First Division hospital was removed to the unoccupied camp, as the Birchett house during the pending operations was considered to be insecure. No heavy engagement took place on the left. General Mott’s division (Third) participated only in some active skirmishing, which yielded the hospital about seventy wounded. These were speedily dressed and sent by rail to City Point. On the 6th the division returned to its old position in the works on the left of the corps front. The hospital again assumed its position in the wood in rear of the Deserted House, the First Division hospital, which had occupied this ground for a few days, moving out to a house near Meade Station, which had been its location during the heavy assaults of the 16th and 18th of June, 1864, the situation of the troops and hospital of the corps remaining as they now existed until the night of the 24th. The Second and Third Divisions were then relieved from the works and massed for action under cover of the woods. The First Division stretched out to hold the line hitherto defended by the corps as a whole. On the 25th, as it was necessary to put the hospital in marching condition, the sick were sent to the Point depot. About 450 cases were also sent away who, had no movement been on the tapis, would perhaps have never appeared on the hospital records. They were men slightly indisposed, who were looked upon by regimental and brigade medical officers as unable with propriety to accompany the troops on the move.

At 2 p. m. of the 26th the Second and Third Divisions, accompanied by their hospital trains (the usual allowance of one-half of the ambulances and one medicine and one army wagon to each brigade), moved off toward the left. That part of the trains not permitted to follow the troops were sent within the defenses of City Point, there to remain until called for, or until the return of the troops. The line of march stretched through the woods by the Smith, Williams, and Gurley houses to Fort Dushane, outside of which the men bivouacked at night-fall. While here it was arranged, in order that the march might be more rapidly effected in the morning, that all trains permitted to accompany the divisions should remain at the Gurley house in park until their presence should be required at the front. To this order no exception was made of the wagons carrying medical supplies, so that when the line of march was again taken up the ambulances only accompanied the troops. Reveille was sounded about 3 a. m. of the 27th, and shortly afterward the march was resumed, the Second Division in advance. Leaving Fort Dushane the column moved along the Halifax road for about two miles and a half, when it struck off to the right along a narrow wood road leading to a crossing over Hatcher’s Run, a short distance below Armstrong’s Mill. An hour after daybreak the head of our column struck the enemy’s pickets, about a quarter of a mile from the crossing. They were immediately driven in and the works defending the passage of the run assaulted and captured. This success was achieved with loss of about fifty wounded, sufficient to load up al the ambulances present with the Second Division, fifteen in number. The medical director made application for permission to send these loaded wagons back to the Gurley house, so that they might be relieved of the wounded they carried, and to have them return immediately to the front, where their service might possibly be required. This was disapproved, on the ground that straggling parties of the enemy’s cavalry were now in our rear and might chance to interfere with the safe conduct of the train unless well guarded. Application for an armed escort was also refused. The wounded had, therefore, to be carried along with the troops toward the Boydton

plank road, which was struck early in the day near the Burgess house, where the run and the road intersect.

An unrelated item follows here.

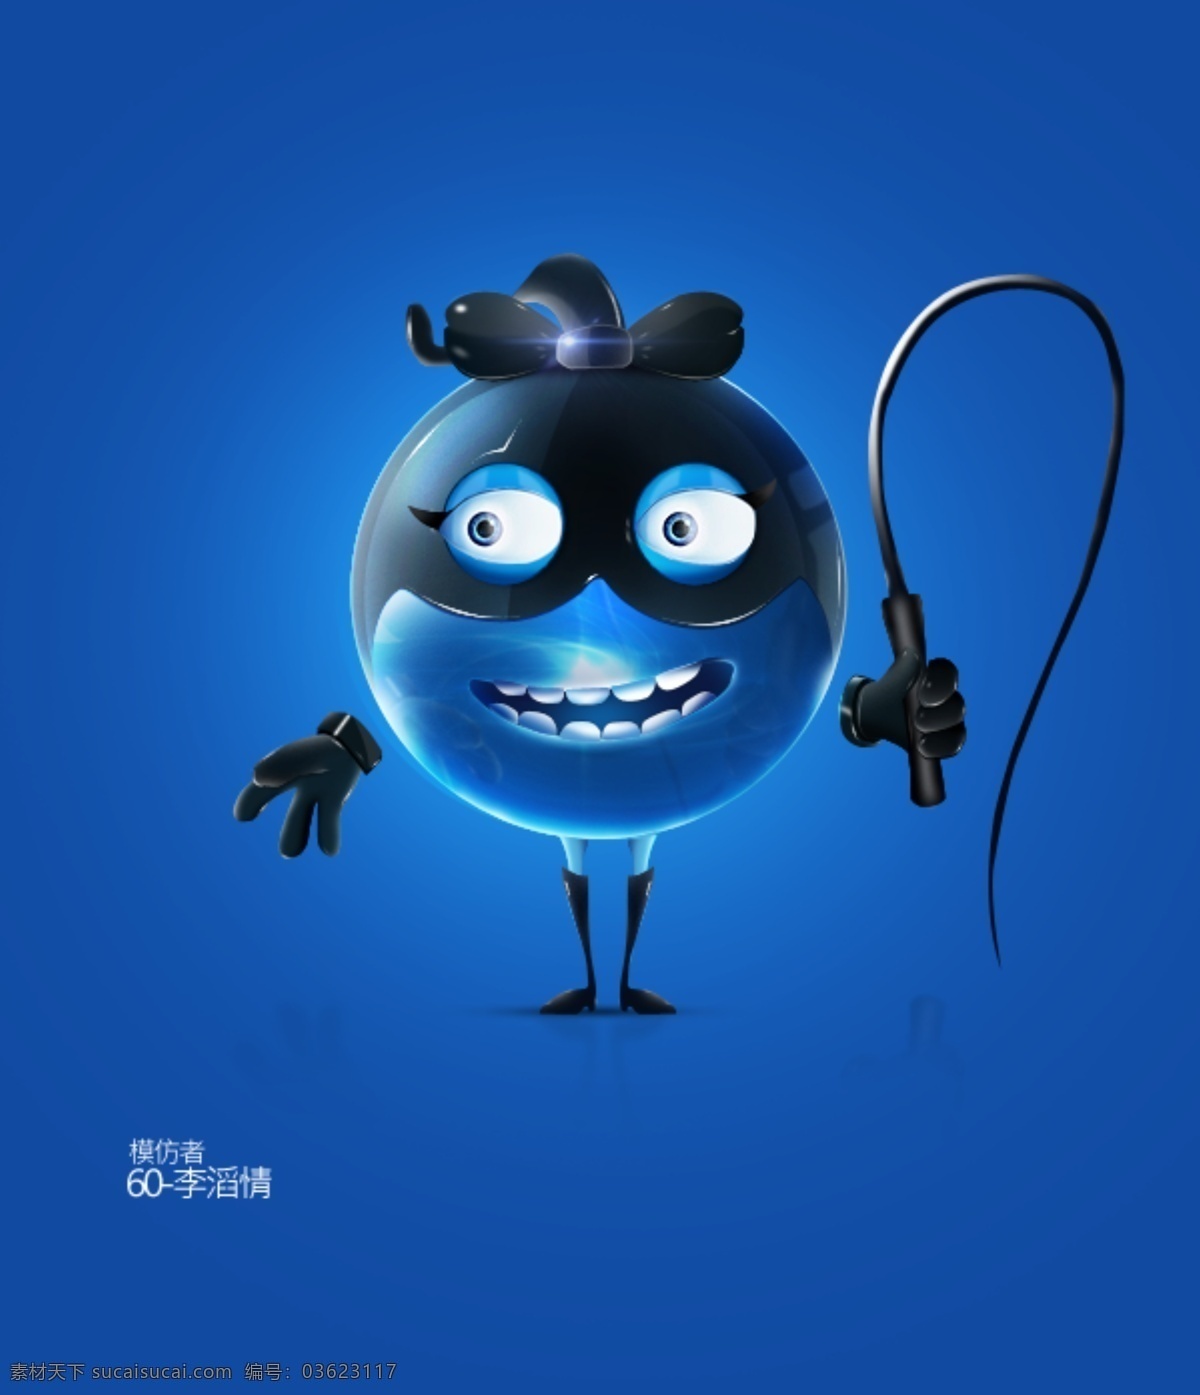 怪物 侠盗 ui 图标 蓝色 笑 鞭子 小怪物 神偷 手机 app app图标
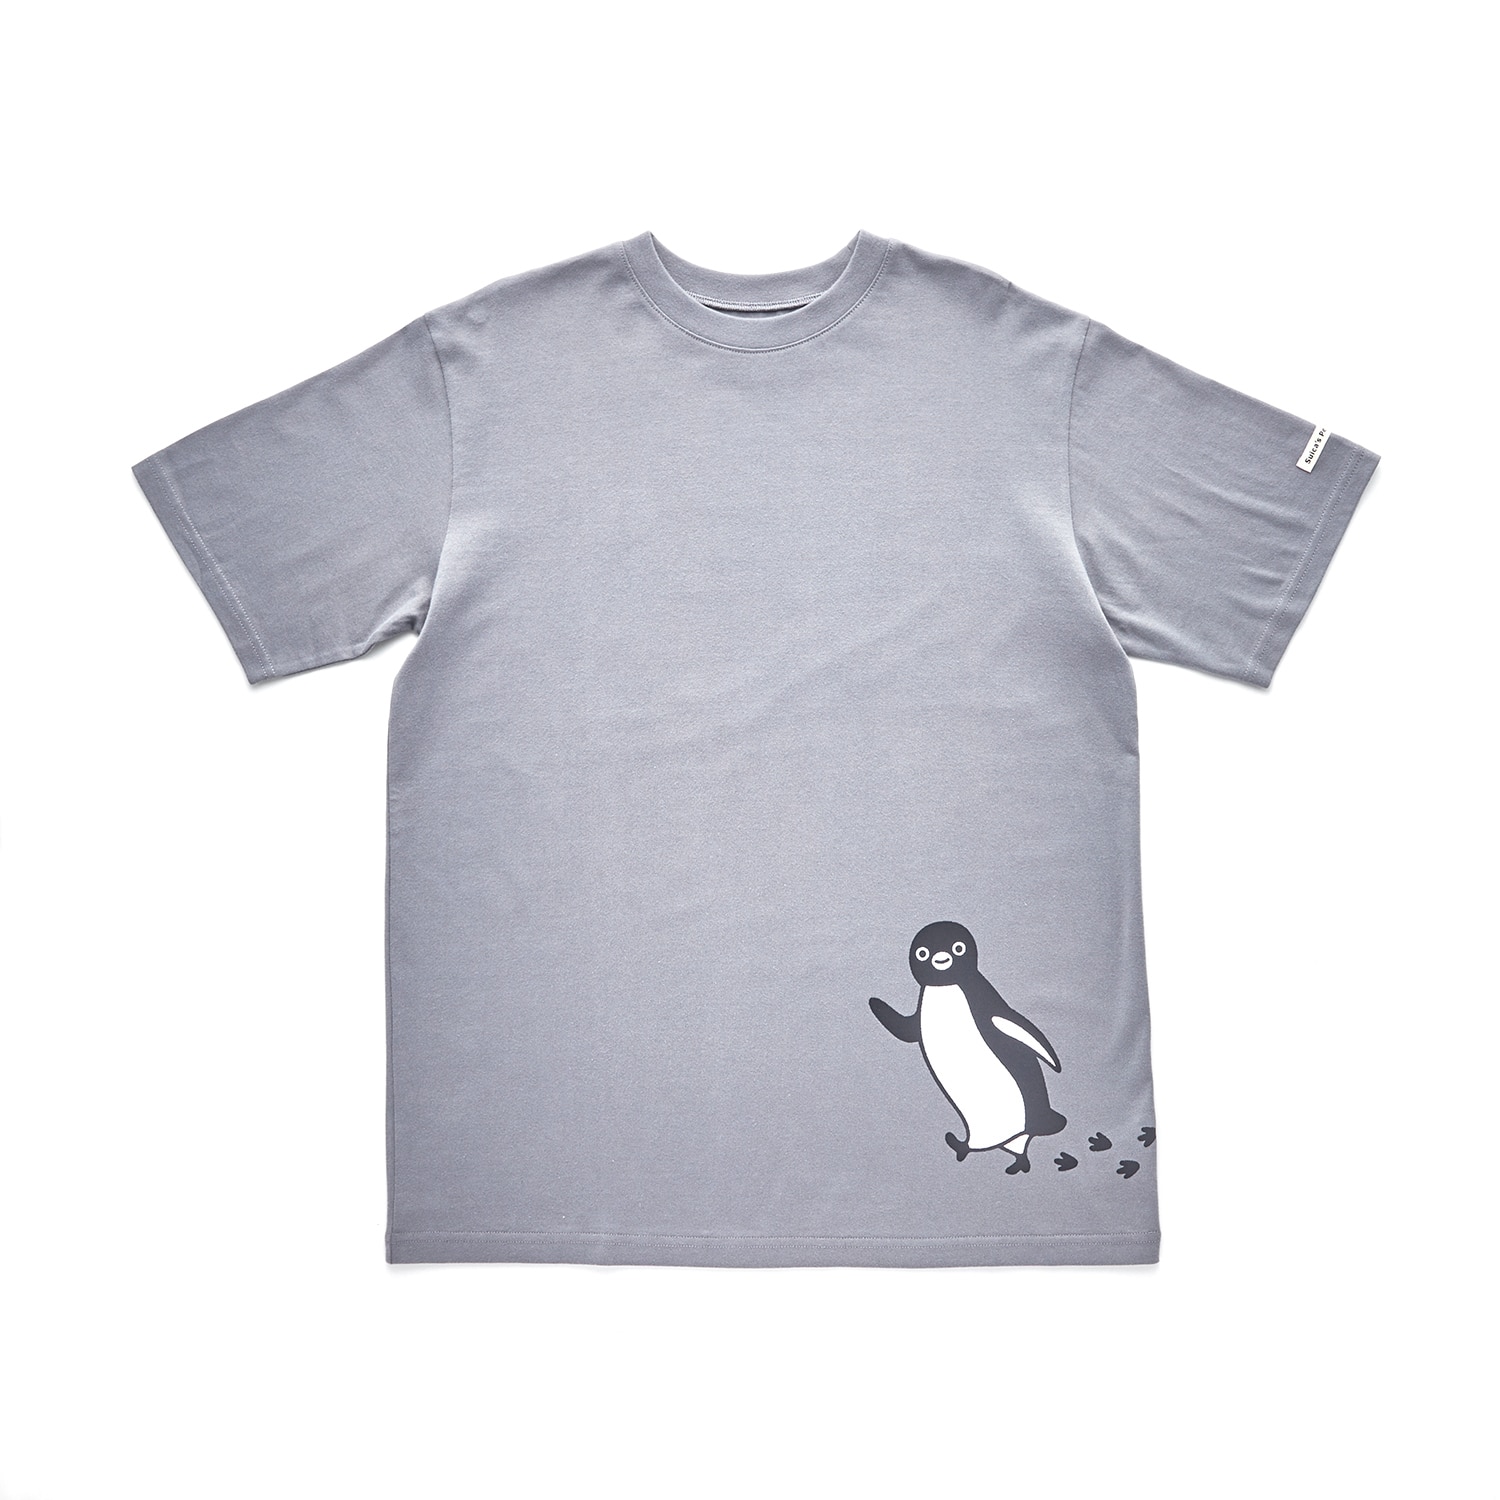 ベルメゾン Suicaのペンギン 親子でつながるユニセックス半袖Tシャツ「Suicaのペンギン」 チャコールグレー M

The enemy was found in force at this point and disputed our farther advance. In an open field on the east side of and about half a mile from the Burgess house, was a small frame building, with outhouses attached, called Rainey’s. This seemed the most suitable position obtainable at which to establish a depot for wounded. The ambulances were instructed to unload here, and here the medical offices connected with the field division hospitals were ordered to report to dress the wounded and perform the necessary operations. This house was out of range of those guns brought by the enemy to bear upon the right and center of the line, but later in the day, as the medical officers were extemporizing operating tables for some cases that demanded operative interference, an attack was made by the enemy upon our left, where General Gregg’s cavalry were dismounted.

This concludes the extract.